TEDxMiddlebury - Phil Kaye - Why We Tell Stories
Summary
TLDRPhil, a spoken word poet, explores the power of storytelling as a means to cope with life's repetitions and losses of meaning. He recounts personal narratives, including his parents' divorce and his own stutter, to illustrate how words can fade into insignificance or carry profound weight. Phil's journey through his family's history, from war-torn pasts to personal connections, reveals storytelling as a tool for understanding our existence, forging connections, and celebrating the complexity of being alive.
Takeaways
- đ The speaker uses repetition as a literary device to illustrate how words can lose their meaning when overused.
- đ The sunset metaphor is used to explain how familiar experiences can become mundane without the emotional impact they once had.
- đ The story of the speaker's parents' divorce is recounted to show how the breakdown of a family can leave a lasting emotional impact.
- đ The speaker's stutter is described as a 'cage made of mirrors', highlighting the frustration and isolation felt when unable to communicate freely.
- đŁïž The importance of spoken word as an art form is emphasized, with the speaker describing it as a way to share personal narratives and connect with others.
- đ The speaker's work with Project Voice is mentioned, indicating a dedication to helping others find their voice and tell their stories.
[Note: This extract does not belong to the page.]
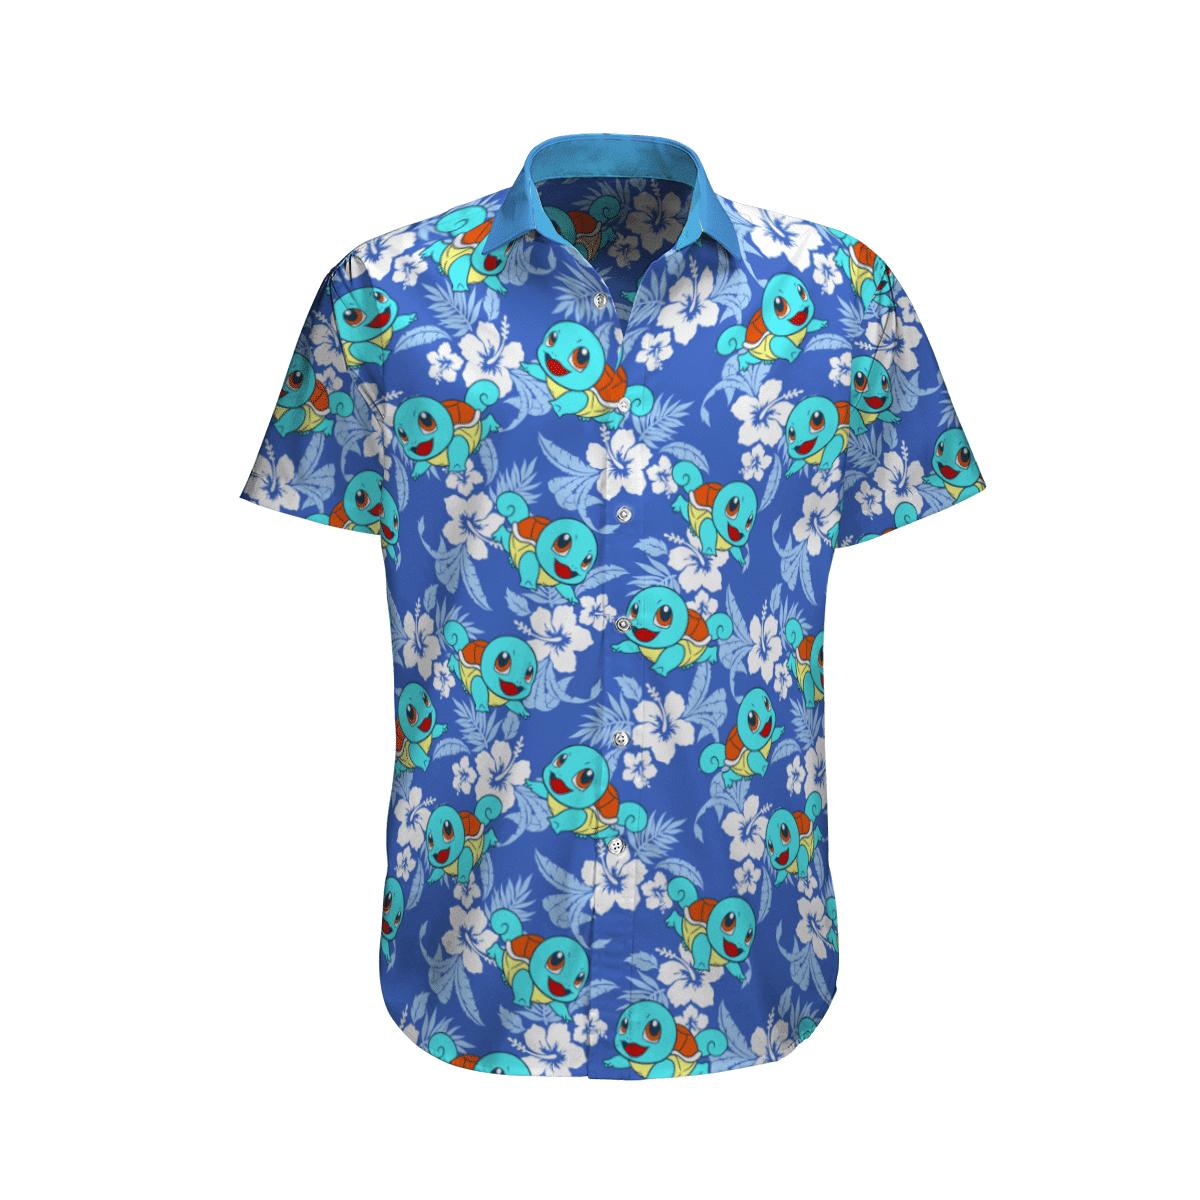 Pokemon Squirtle Tropical Beach Hawaiian Shirt And Shorts

- đ The speaker's journey of self-discovery through storytelling is shared, revealing a personal quest to understand the purpose of sharing stories.
- đ± The idea that stories can provide a sense of belonging and identity is explored, with the speaker reflecting on his own cultural heritage.
- đïž The city metaphor is used to describe how stories can help us navigate and make sense of our lives, providing a map of experiences and emotions.
- đ The speaker discusses the power of stories to heal and process grief, using the example of his grandfather's experiences during World War II.
- đ The final poem 'Teeth' is a poignant reminder of the importance of remembering and learning from the past, while also looking towards a future of forgiveness and understanding.
Q & A
What is the main theme of Phil's poem?
-The main theme of Phil's poem is the loss of meaning through repetition and its connection to personal experiences, such as his parents' divorce and his own stutter.
Why did Phil's parents send him to the neighbor's house before their last argument?
-Phil's parents sent him to the neighbor's house to shield him from the conflict of their last argument, which was a precursor to their divorce.
What trick did Phil's mother teach him regarding the repetition of words?
-Phil's mother taught him that if you repeat something over and over again, it loses its meaning, using the example of the word 'homework'.
How did Phil's parents' divorce affect him?
-Phil's parents' divorce led to a sense of loss and a change in his home environment, which he describes as having 'no gravity'. It also influenced his view on the power of words and their meanings.
What is Phil's profession and how does he describe it?
-Phil is a full-time spoken word poet. He describes his profession as telling stories, which allows him to support himself at a relatively young age.
What organization does Phil co-run and what does it focus on?
-Phil co-runs an organization with his best friend and fellow poet, Sarah Kaye. The organization focuses on traveling internationally to perform and teach spoken word poetry workshops.
What is Phil's perspective on why people tell stories?
-Phil believes that people tell stories to feel alive, to share, to connect, and to make sense of the great unknown of life.
What does Phil suggest is the best way to tell a good story?
-Phil suggests that the best way to tell a good story is to live a good story, to embrace vulnerability, take risks, and break out of predictability.
What advice does Phil give to those who want to start telling stories?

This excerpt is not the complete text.